FARMINGTON — The Navajo Nation is preparing to declare an emergency since a section of U.S. Highway 89 collapsed last week.
The Navajo Nation Commission on Emergency Management convened at the Navajo Transportation Complex on Feb. 22 to discuss the 150-foot stretch of roadway, approximately 25 miles south of Page, a Navajo Nation press release said Friday.
The commission drafted an emergency declaration and is awaiting signature approval from Navajo Nation President Ben Shelly.
The road likely split and fell apart after what geologists refer to as a “geologic slump,” a kind of shift in the land that is likened to a landslide.
A slump occurs on hillsides that have a thick cover of loose, rocky debris, commonly taking place after heavy rains saturate the ground, according to the U.S. Geologic Survey.
“I don’t think it was a small earthquake or tremor.
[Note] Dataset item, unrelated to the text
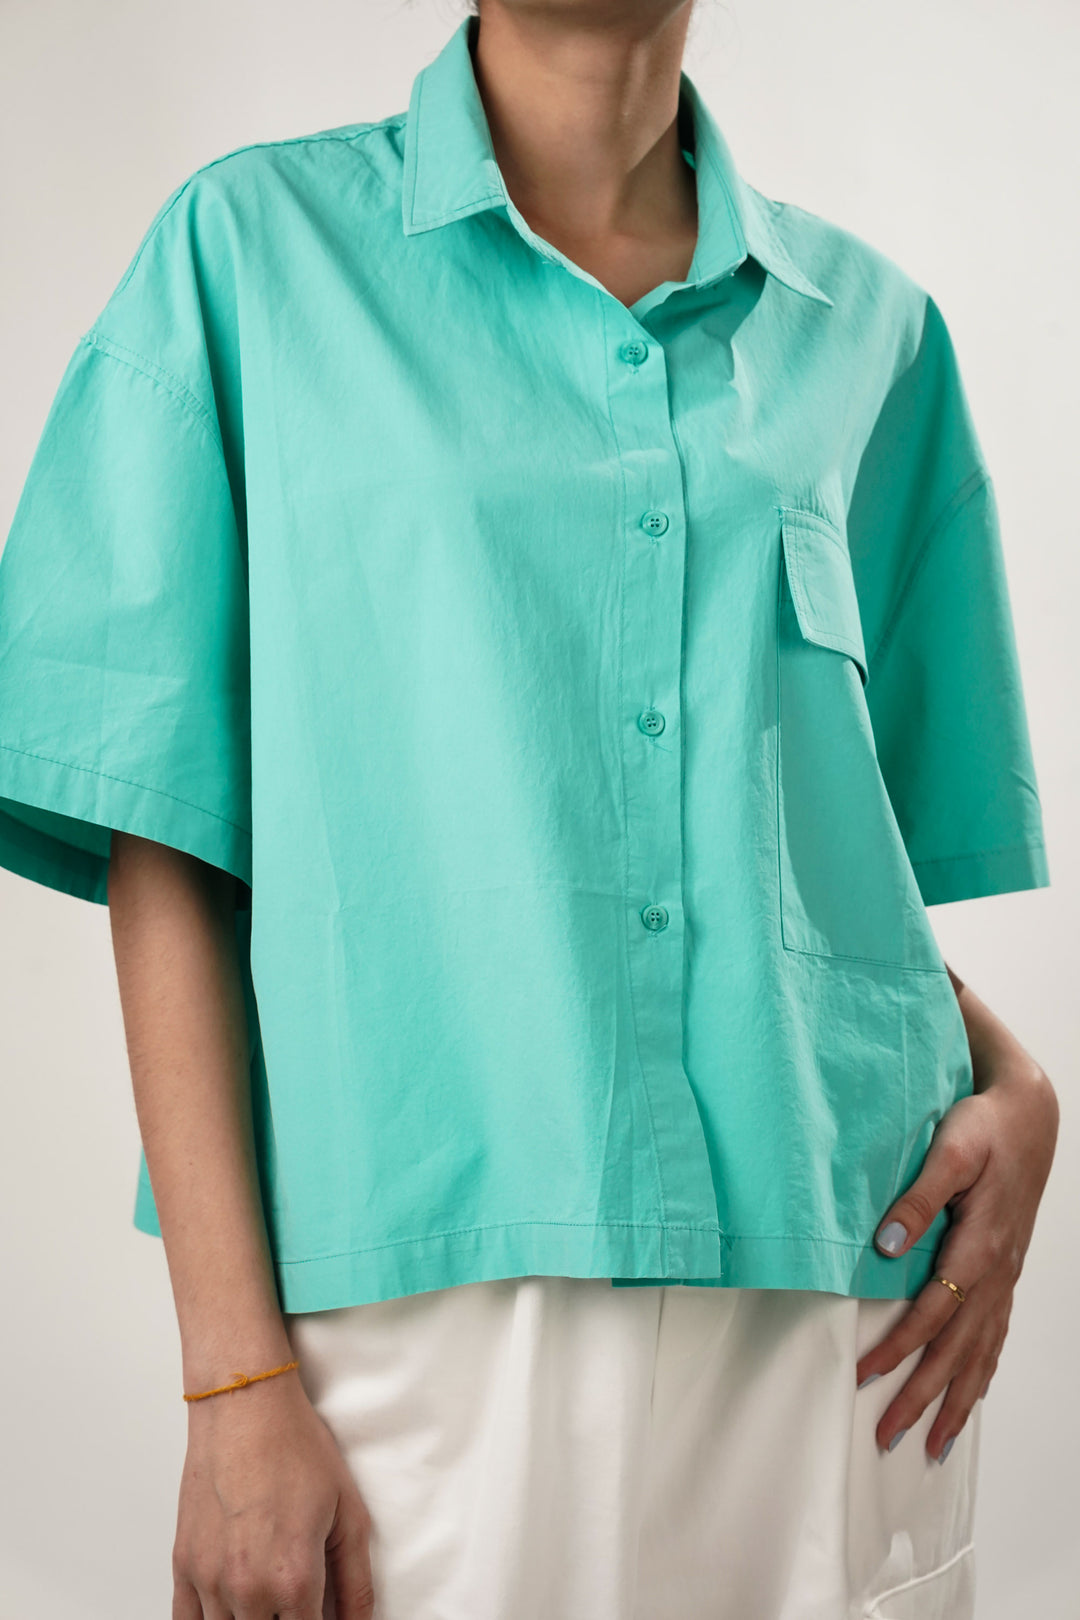 Aqua green oversized shirt for summer wear

It appears to have been loose soil that eventually eroded,” said Taft Blackhorse, manager of the Navajo Division of Transportation’s Department of Project Management.
The geologic slump occurred at 5:09 a.m. Wednesday, the press release said. The highway since has been closed from mile post 544.50 to mile post 524.
Several Navajo chapters have been affected by the road closure and the commission cited concerns ranging from the transport of school kids and emergency medical service response, the release said.
Paulson Chaco, director of the Navajo Division of Transportation, is working with the Bureau of Indian Affairs and Coconino County to ensure maintenance of alternate dirt roads for the influx of travelers in the area.
“We have (Navajo Division of Tranportation) crews working with the BIA to complete blading activities and to assist with setting up electronic message boards to alert motorists of the road closure,” he said.
The Arizona Department of Transportation has detoured traffic at U.S. Highway 89A to Arizona State Road 98 and on to U.S. Highway 160 for motorists traveling to and from Page.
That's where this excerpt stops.